→ **WORK ORDER**: Leave every picture out and return the rest of the listing verbatim.

→ **GIVEN INFORMATION**:
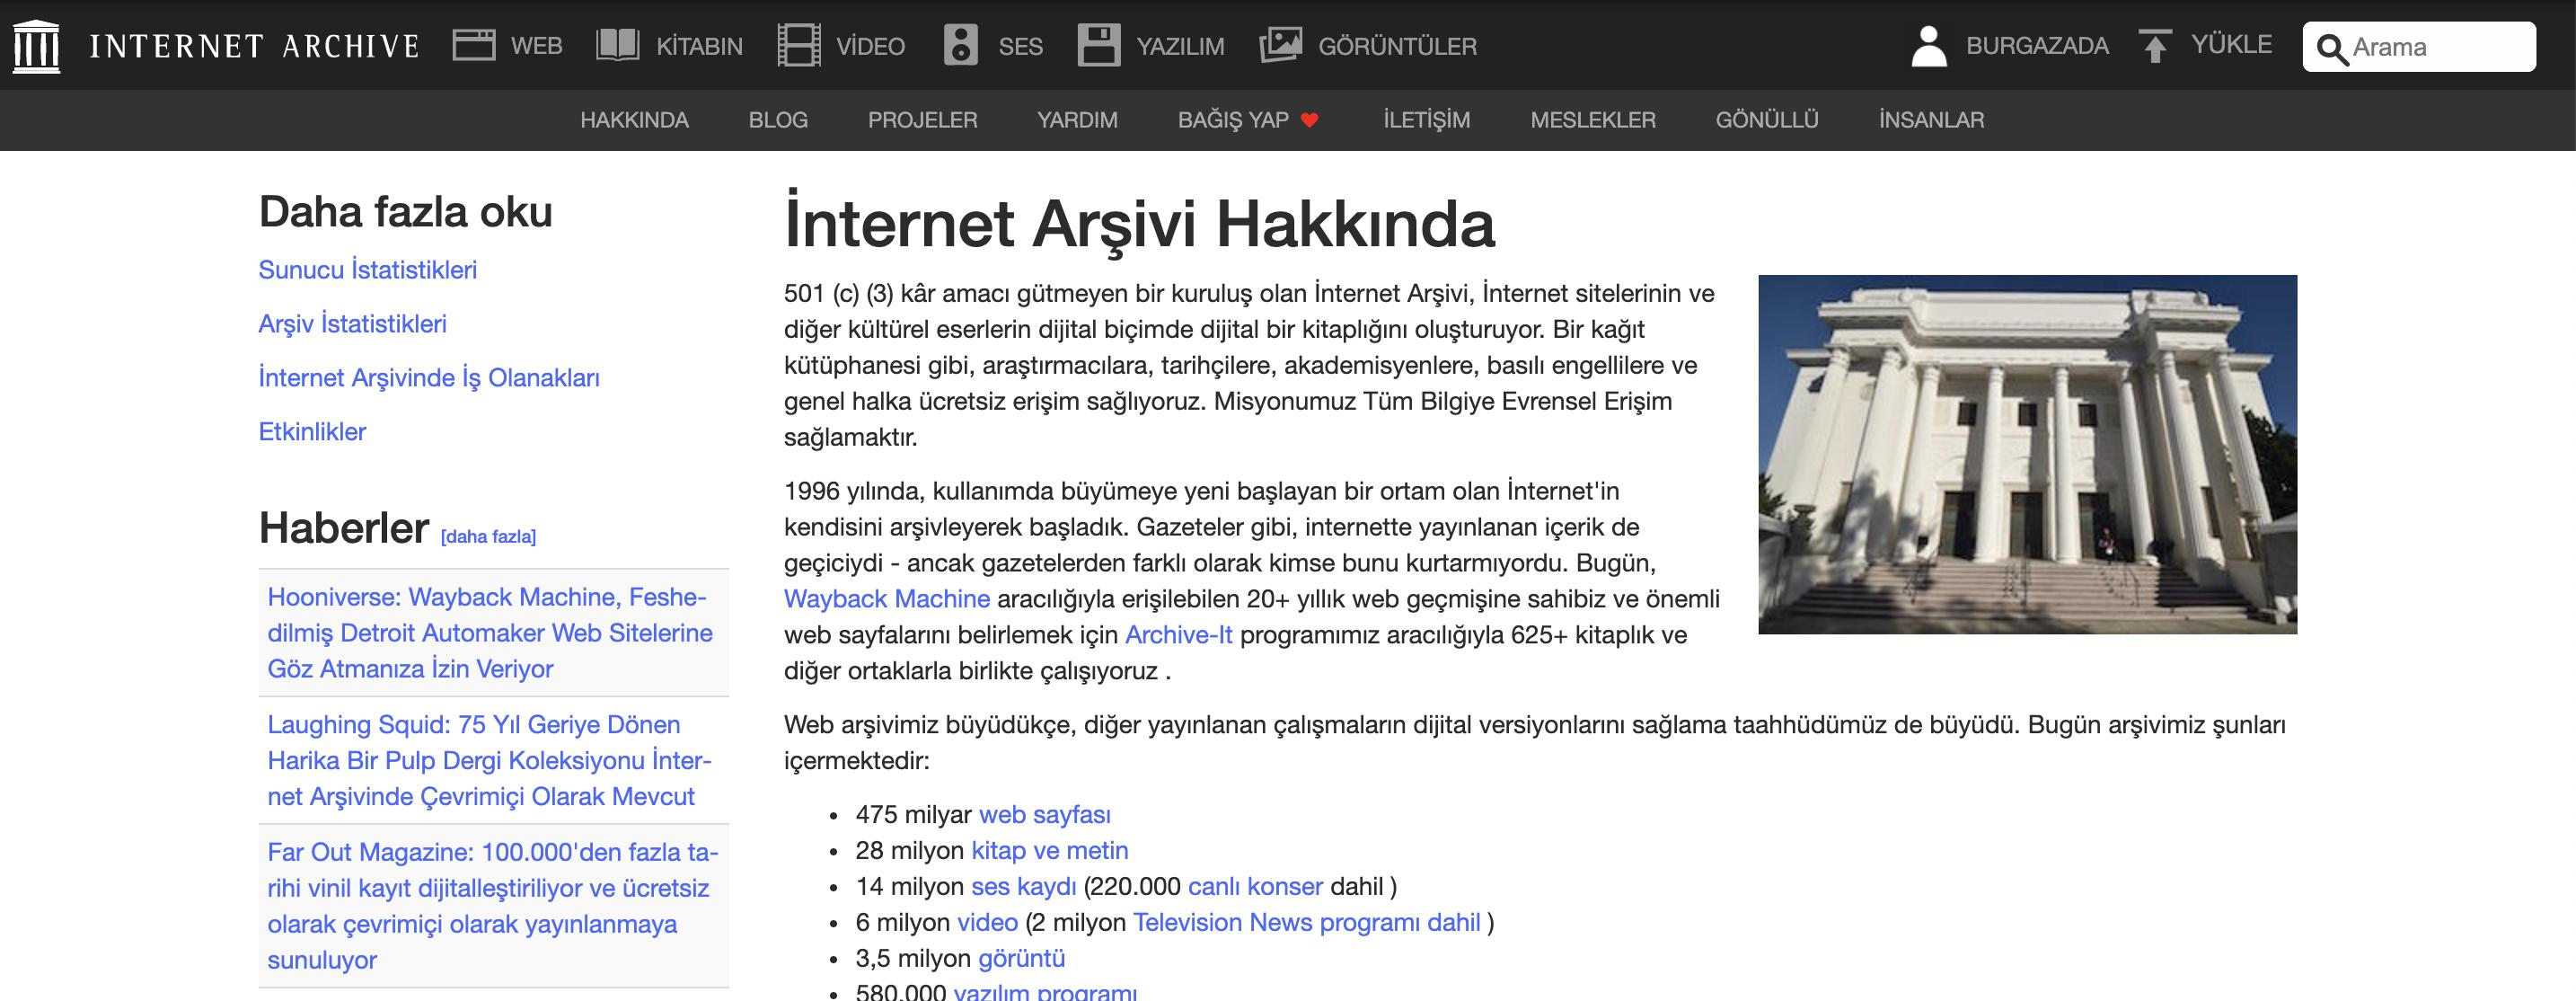 İnternet Arşiv
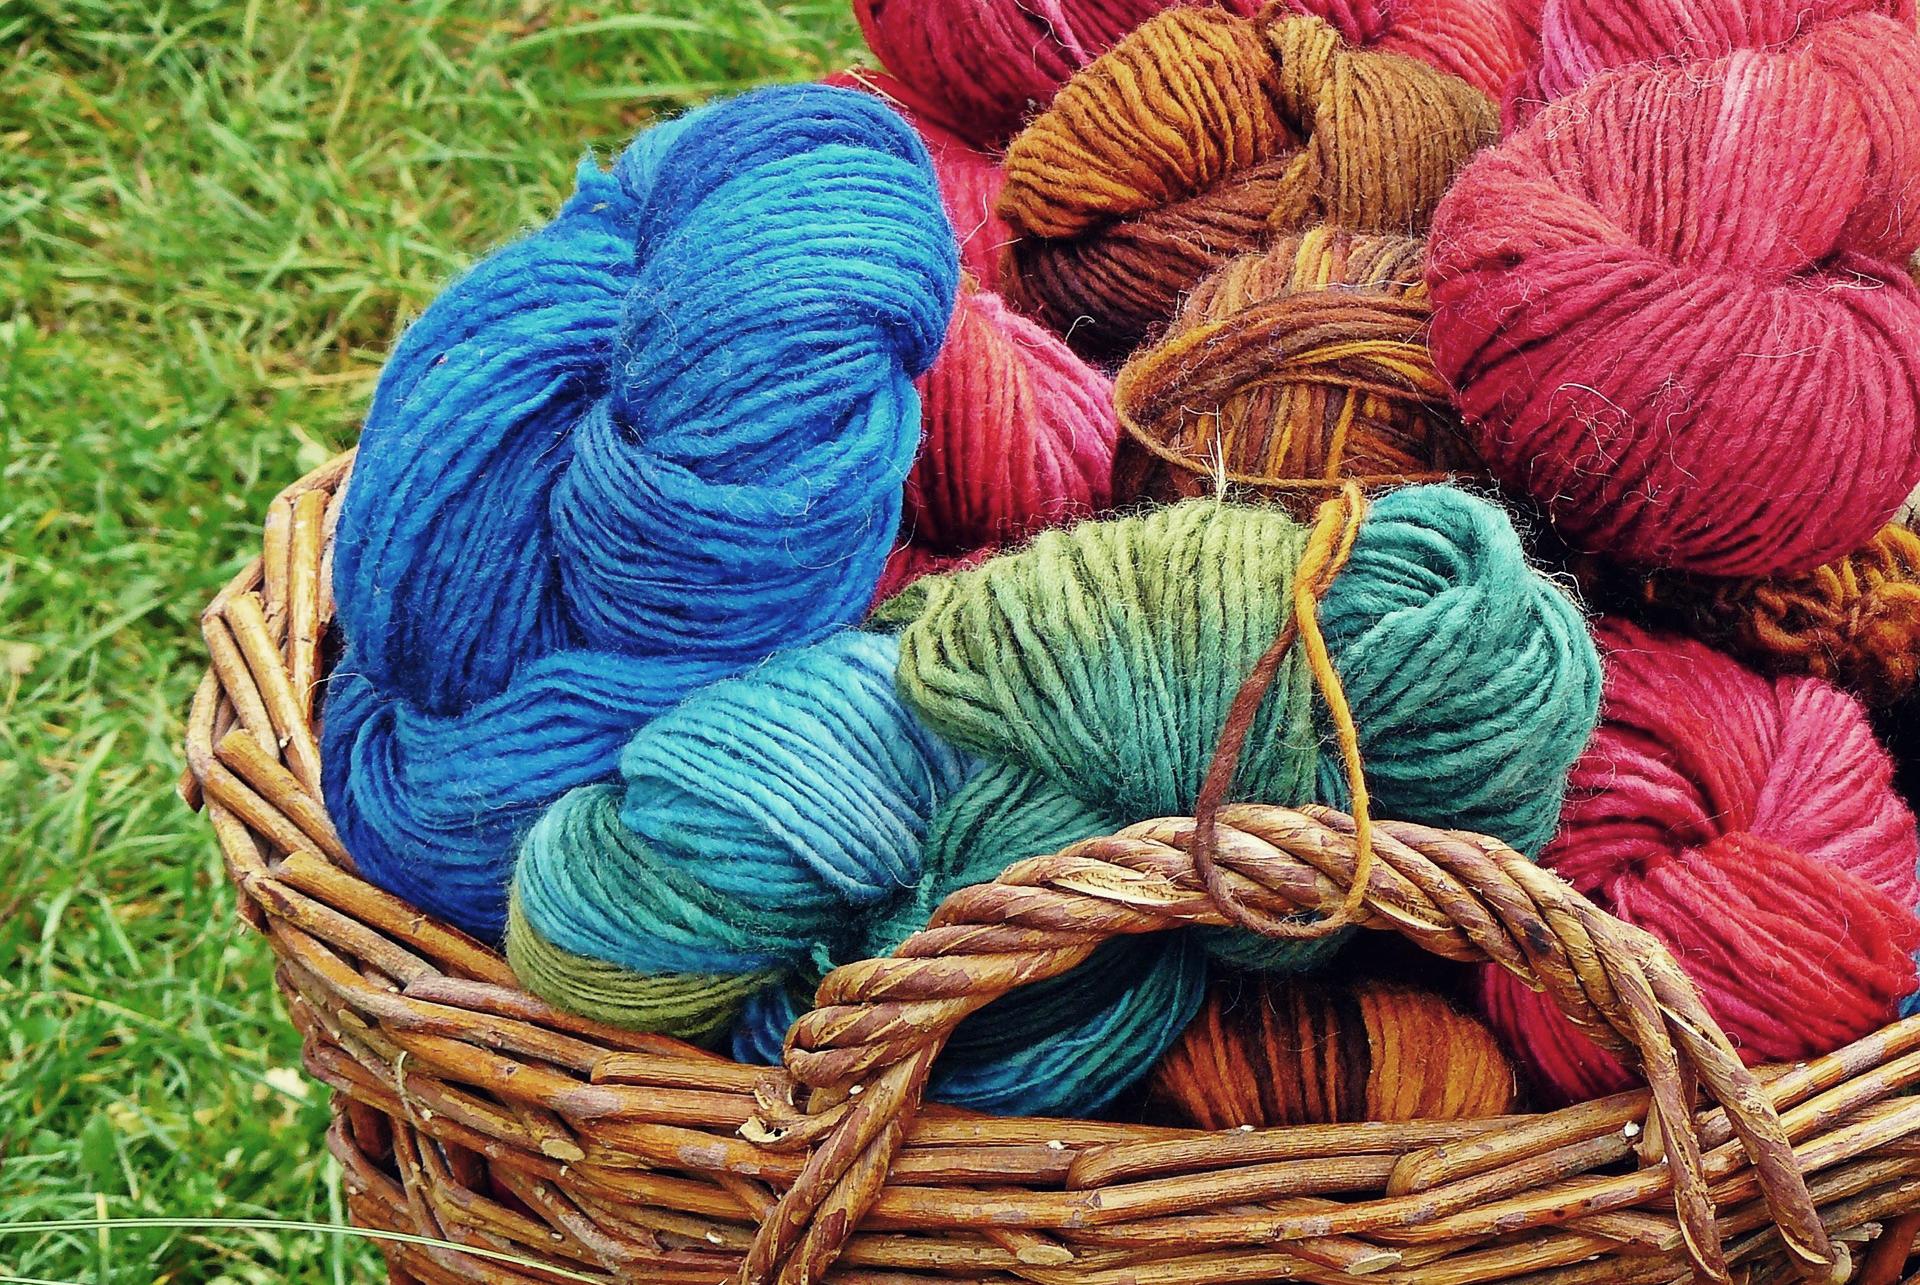 yarn-basket.jpg
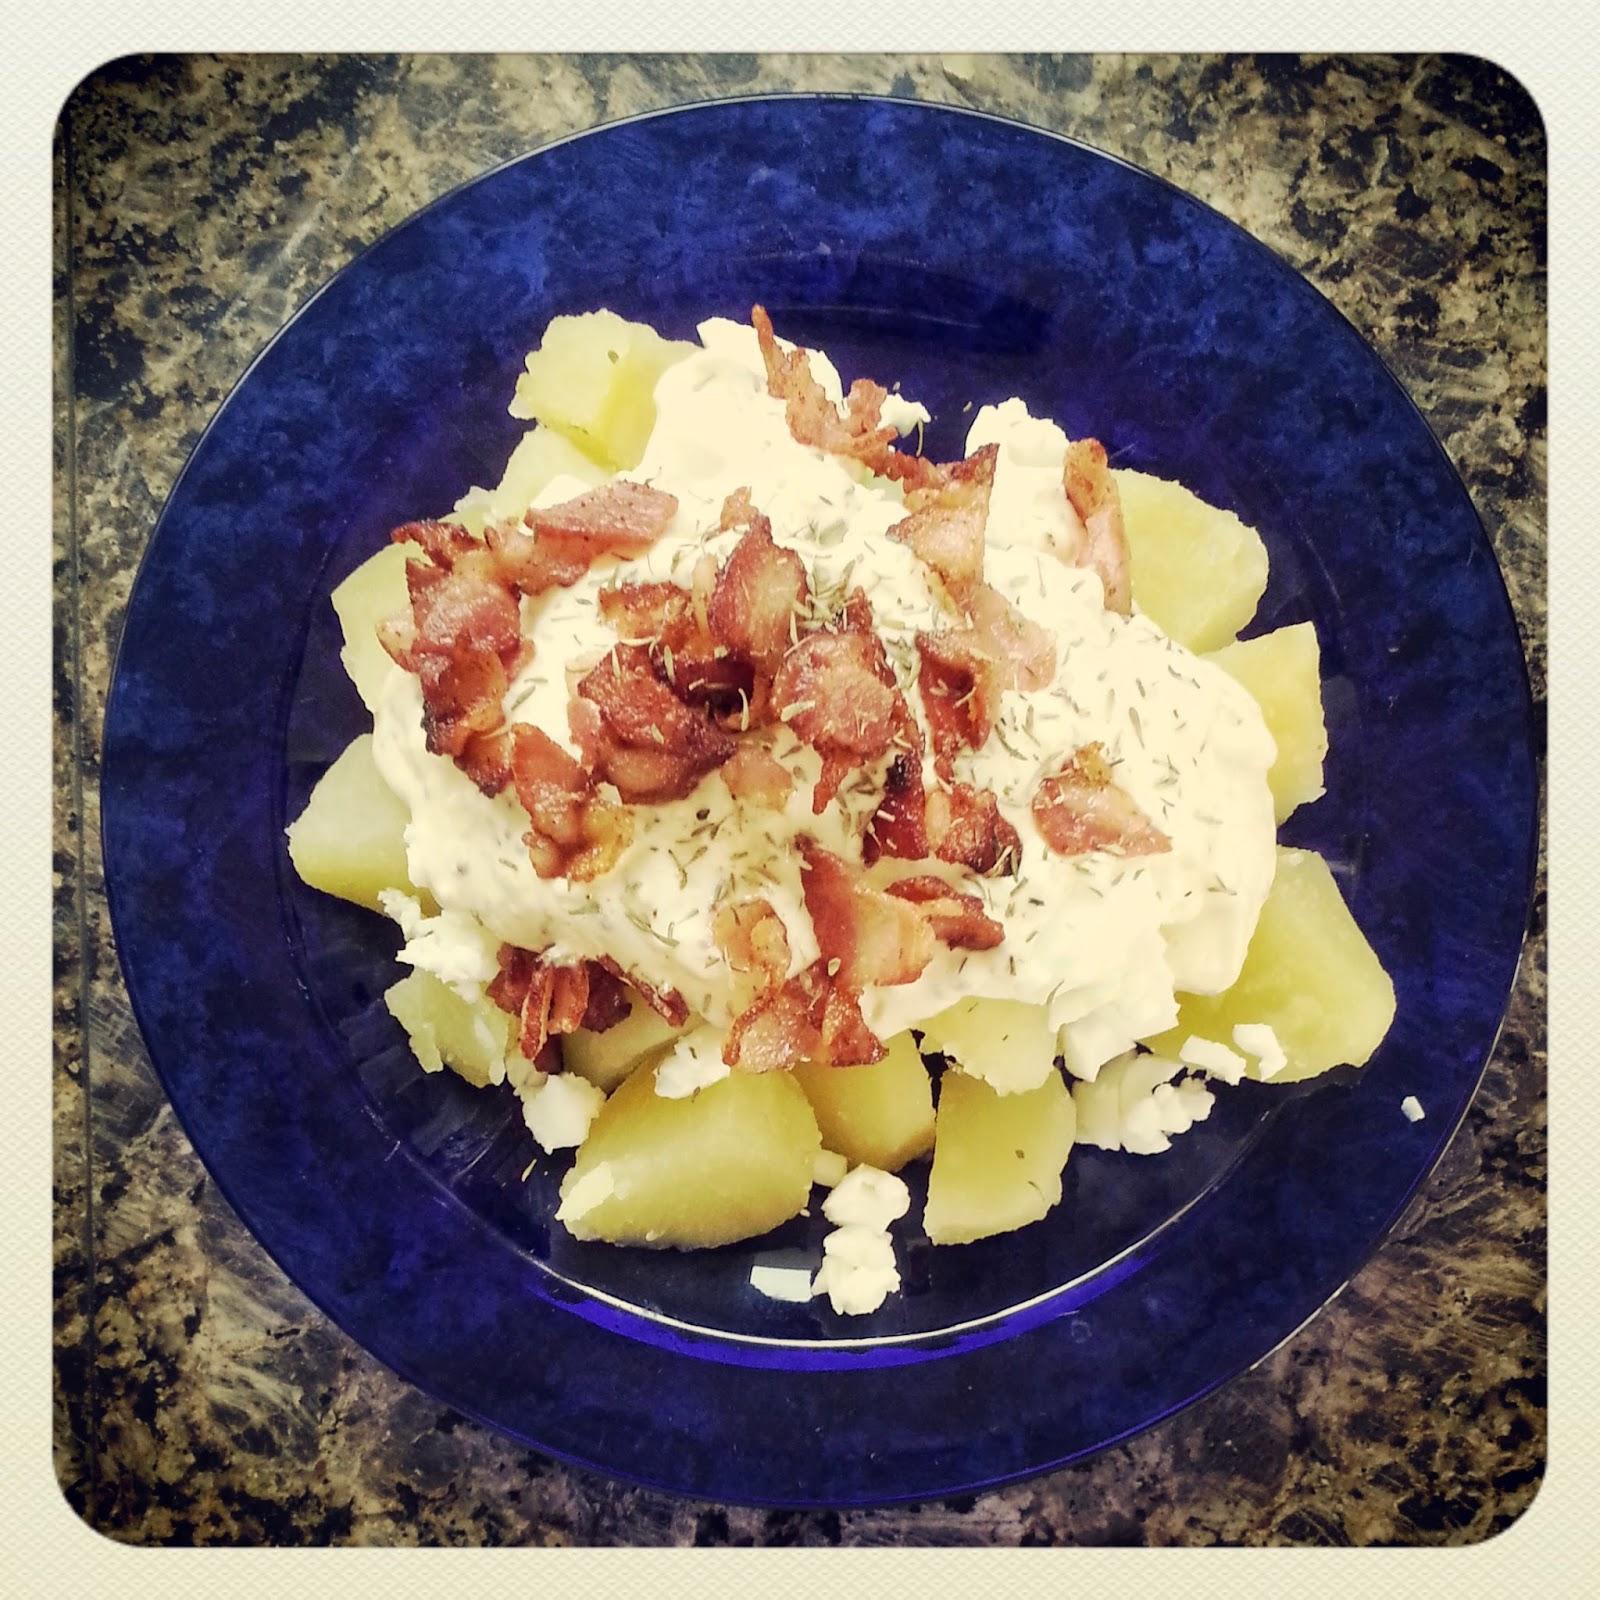 Receta au pair: Ensalada de patata con bacon
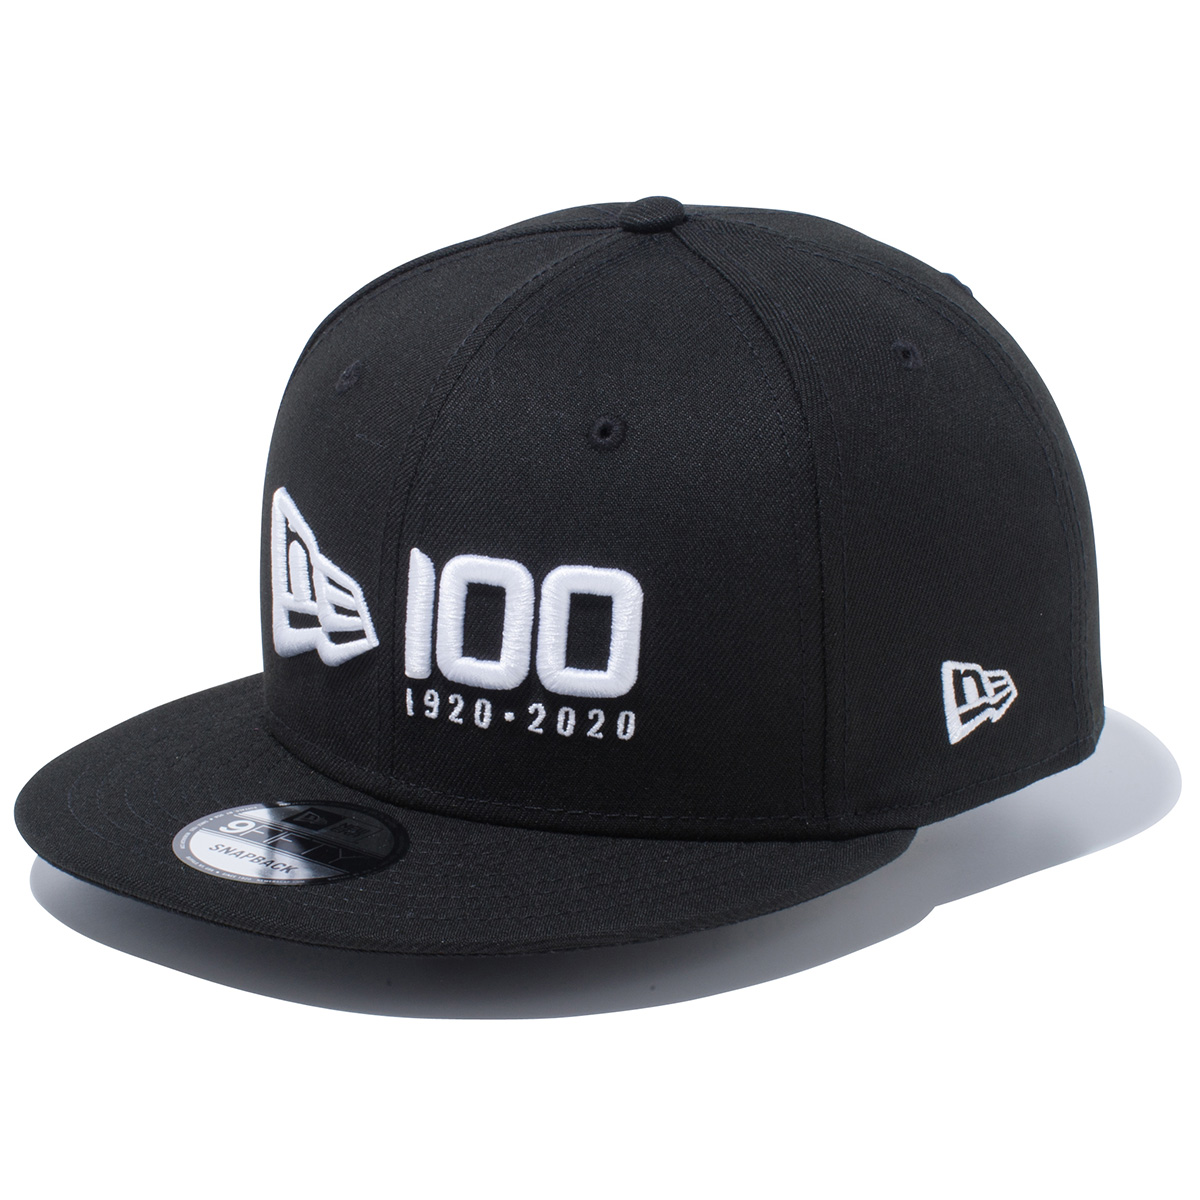 950 NEW ERA 100TH LOGO キャップ

→ **EXERCISE RESPONSE**:
 İnternet Arşiv
 yarn-basket.jpg
 Receta au pair: Ensalada de patata con bacon
 950 NEW ERA 100TH LOGO キャップ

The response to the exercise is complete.